**INFORMATION SHOWN:**
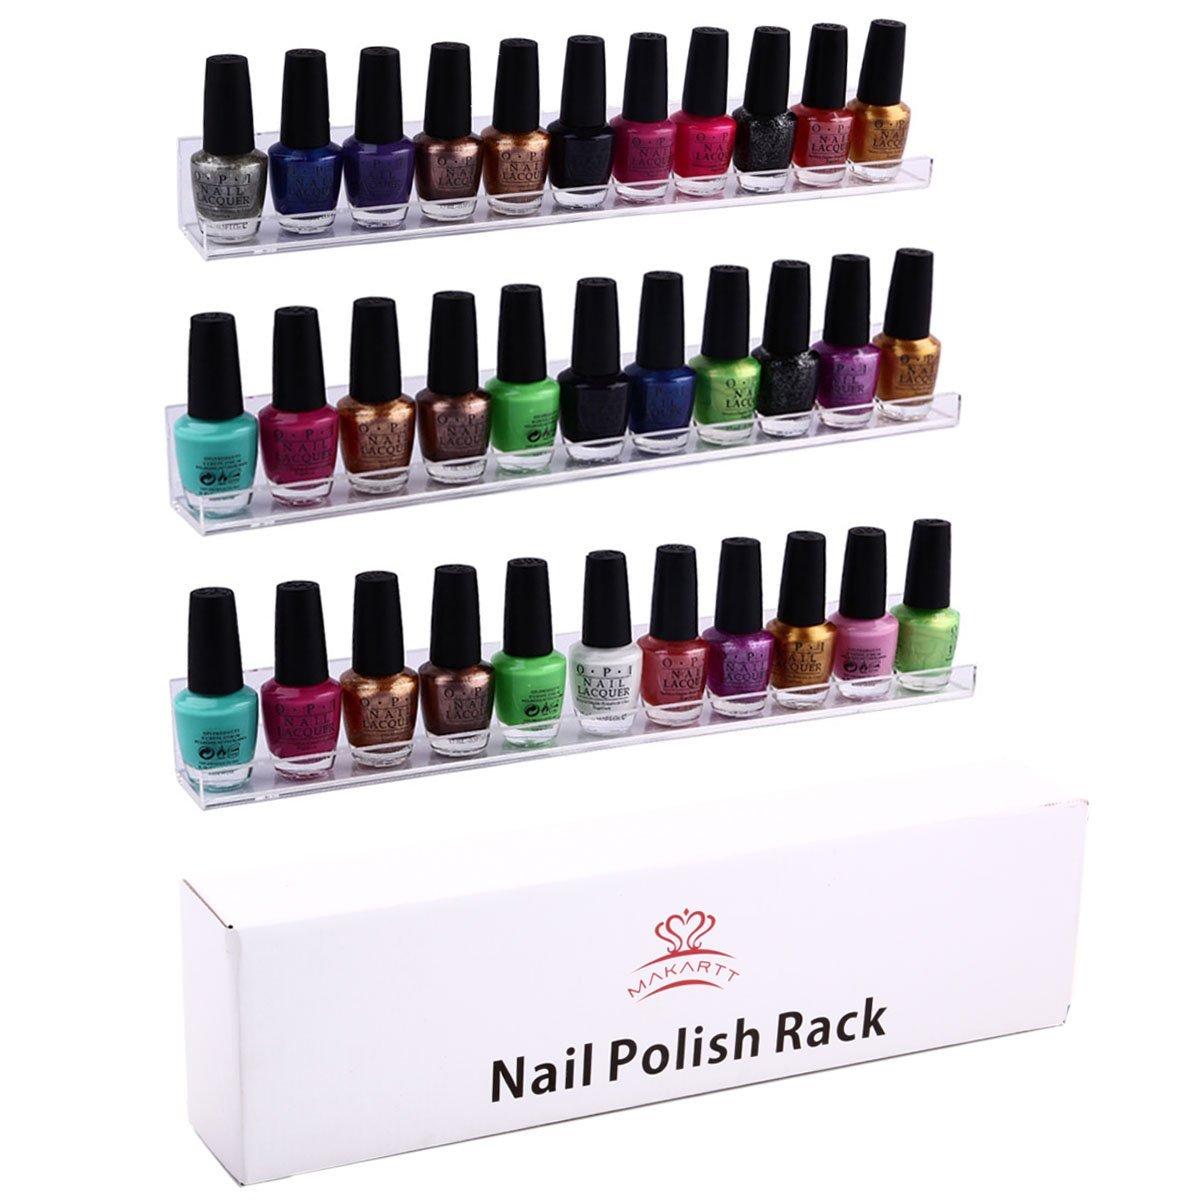 3 shelf set wall mount acrylic nail polish rack holds 33. Black Bedroom Furniture Sets. Home Design Ideas
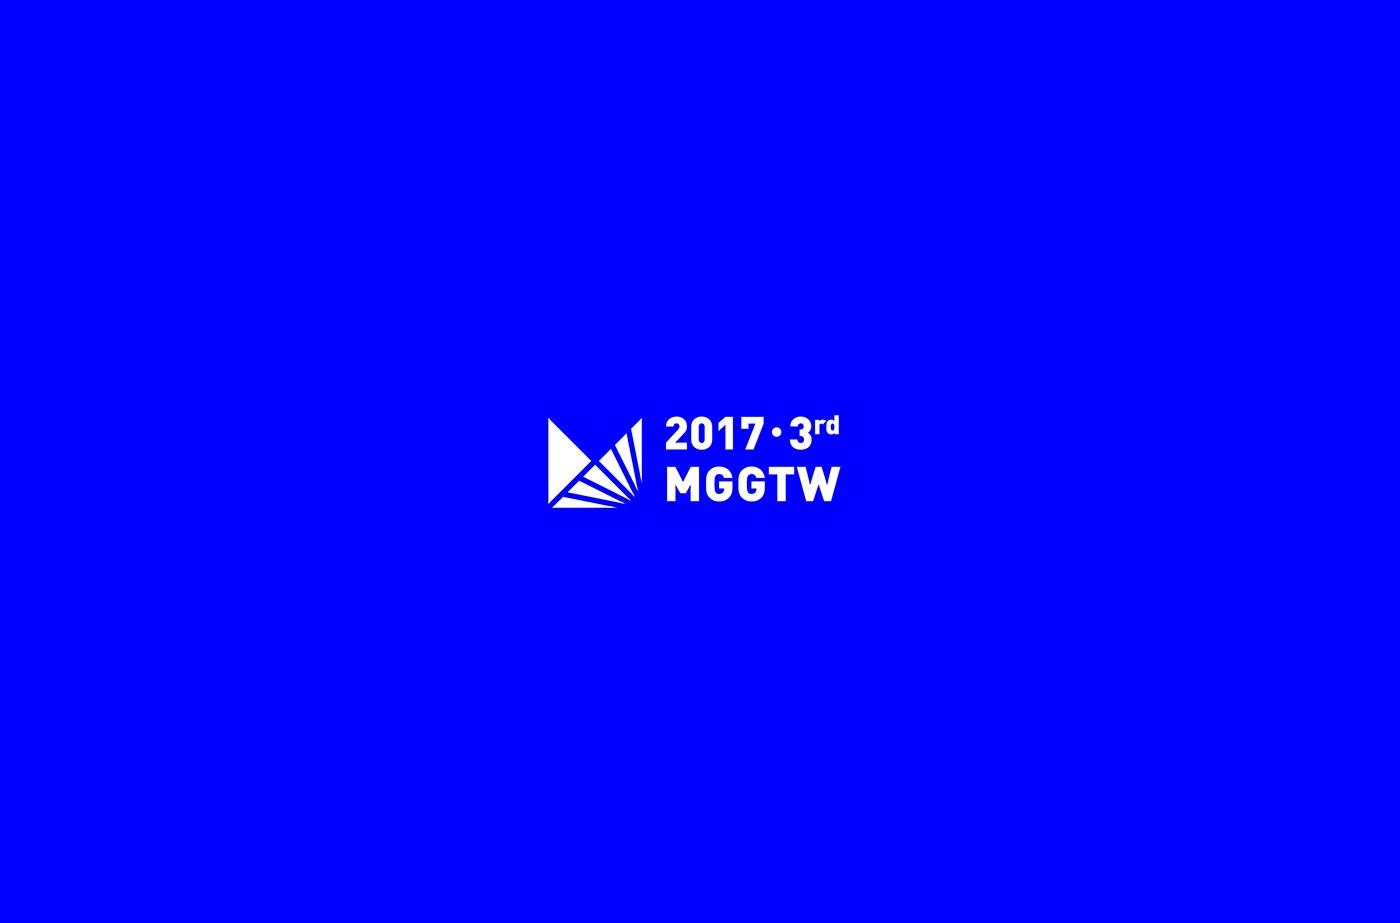 2017 MGGTW 3rd on Behance
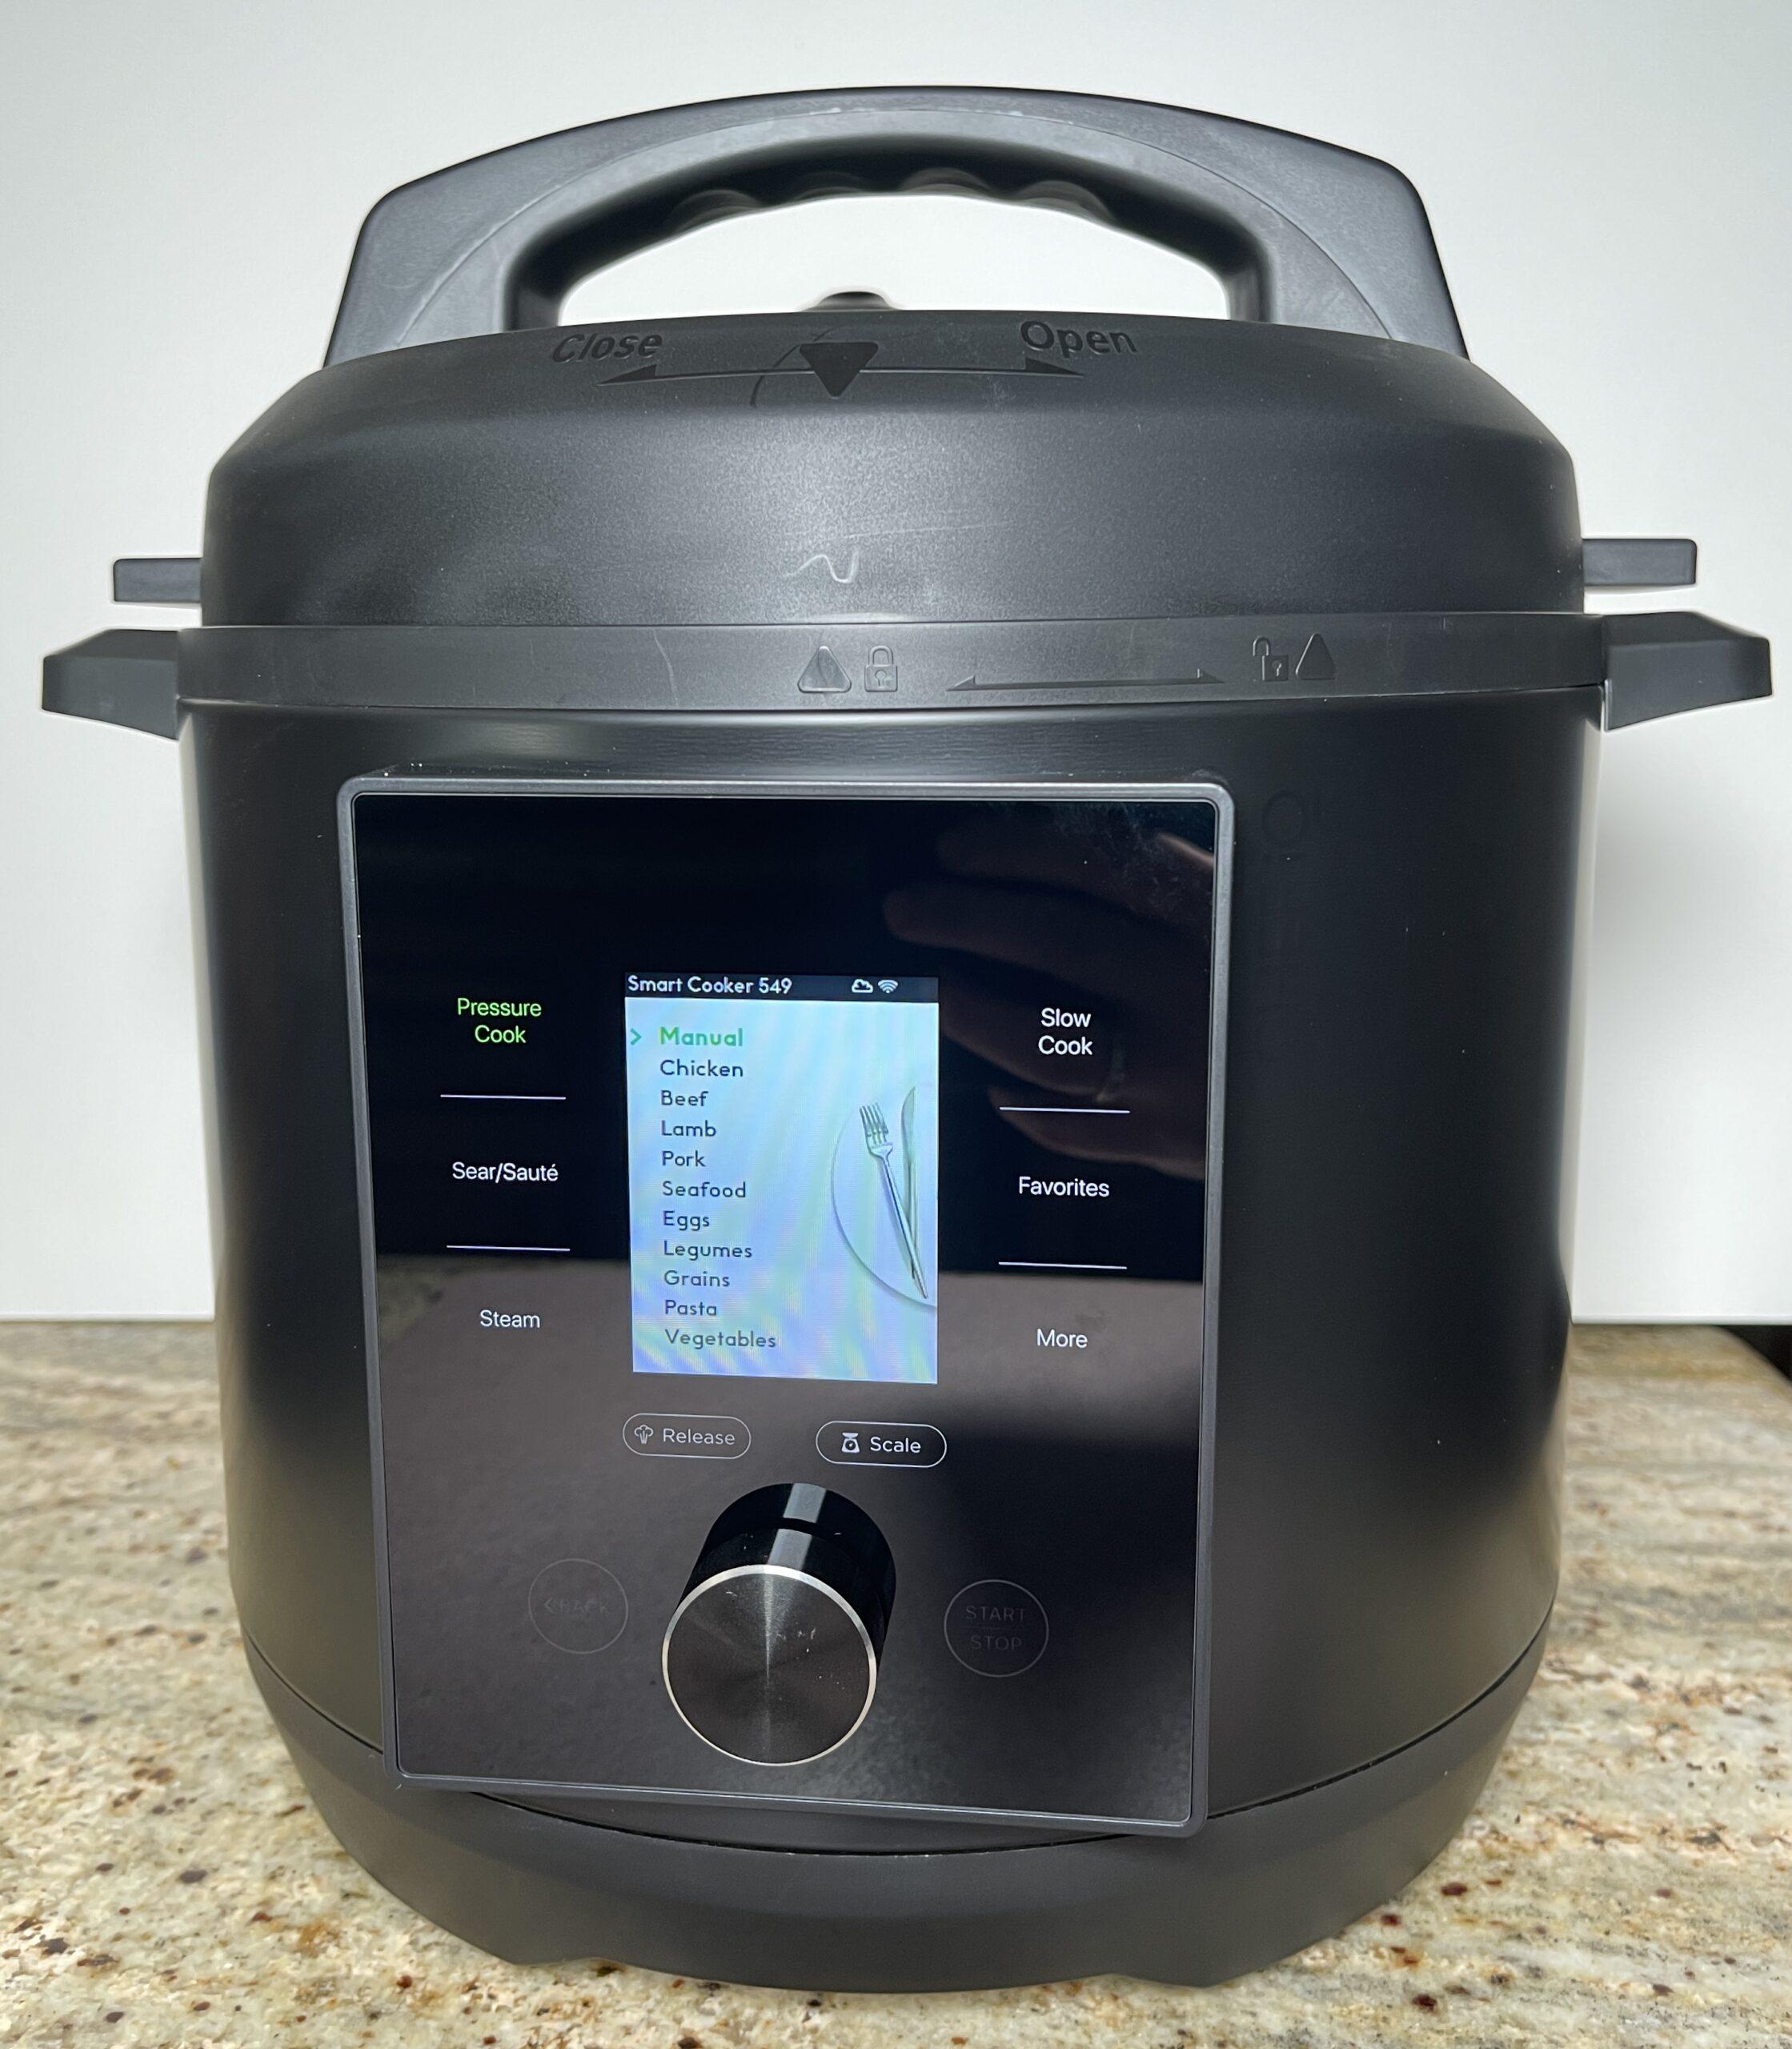 chefiq pressure cooker
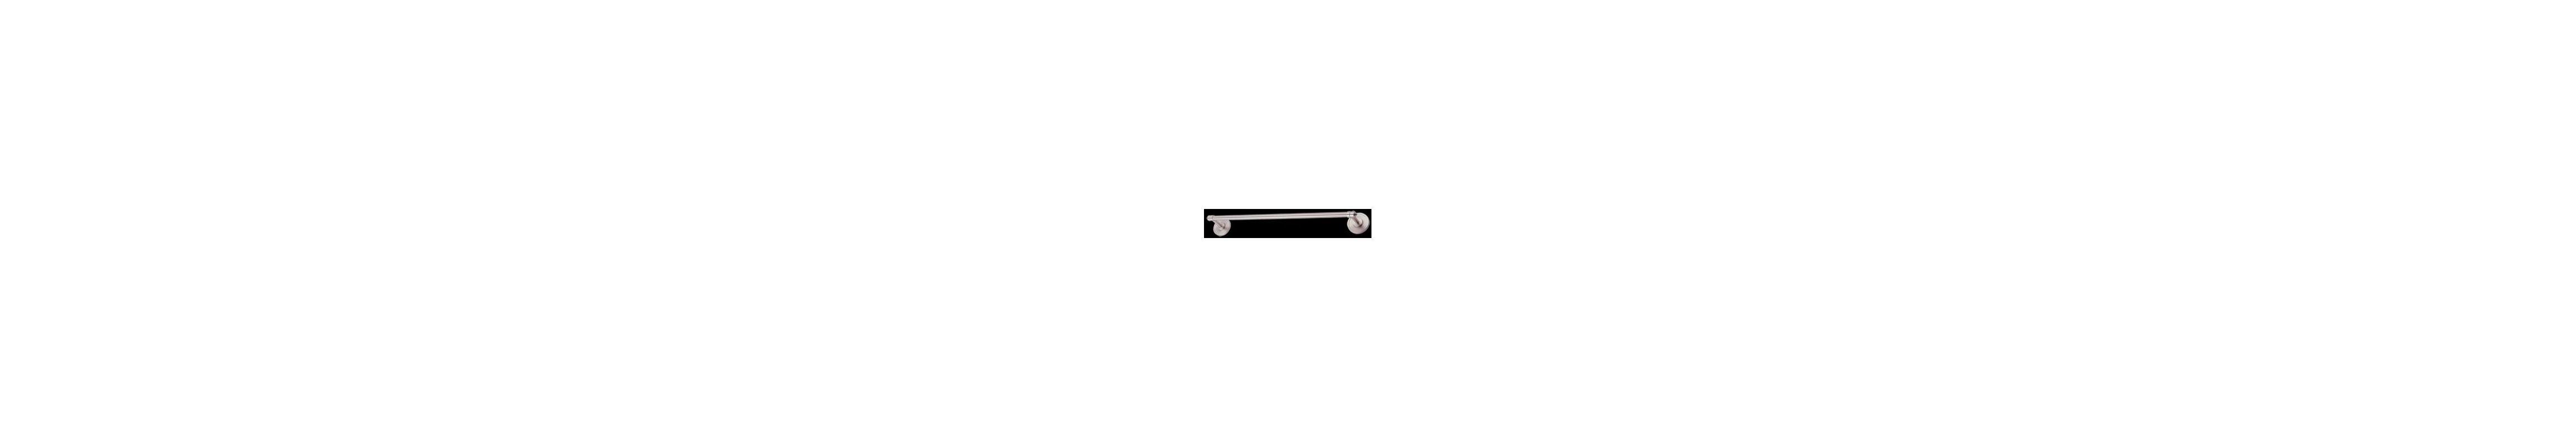 "DVI Lighting DVP3682 3 Light 30"" Towel Bar from the Dominion"

**TO DO:**
Starting with the line that contains "chefiq pressure cooker", repeat each line exactly through the last line of the data above, and nothing more; the pictures stay out.

**SOLVED EXERCISE:**
 chefiq pressure cooker
 "DVI Lighting DVP3682 3 Light 30"" Towel Bar from the Dominion"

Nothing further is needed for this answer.